🤖 AI Summary
This paper addresses the challenge of inaccurate online estimation of object kinematic models under visual uncertainties—such as occlusion, low-texture regions, and image noise. We propose a probabilistic real-time estimation framework that explicitly incorporates human hand motion as a structural prior into online kinematic learning, tightly integrating observation uncertainty modeling with rigid-body physical constraints. Our method is built upon a probabilistic graphical model, unifying real-time hand–object co-tracking, Bayesian state estimation, and uncertainty-aware optimization to ensure robustness under severe visual disturbances. Evaluated on a newly constructed challenging benchmark dataset, our approach achieves 195% and 140% improvements in kinematic structure estimation accuracy over two state-of-the-art baselines, respectively. The resulting precise and reliable kinematic estimates enable safe, fine-grained robotic manipulation of centimeter-scale objects.
📝 Abstract
Visual uncertainties such as occlusions, lack of texture, and noise present significant challenges in obtaining accurate kinematic models for safe robotic manipulation. We introduce a probabilistic real-time approach that leverages the human hand as a prior to mitigate these uncertainties.

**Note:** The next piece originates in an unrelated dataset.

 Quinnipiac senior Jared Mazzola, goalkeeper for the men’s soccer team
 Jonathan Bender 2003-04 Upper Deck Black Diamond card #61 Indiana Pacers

By tracking the constrained motion of the human hand during manipulation and explicitly modeling uncertainties in visual observations, our method reliably estimates an object's kinematic model online. We validate our approach on a novel dataset featuring challenging objects that are occluded during manipulation and offer limited articulations for perception. The results demonstrate that by incorporating an appropriate prior and explicitly accounting for uncertainties, our method produces accurate estimates, outperforming two recent baselines by 195% and 140%, respectively. Furthermore, we demonstrate that our approach's estimates are precise enough to allow a robot to manipulate even small objects safely.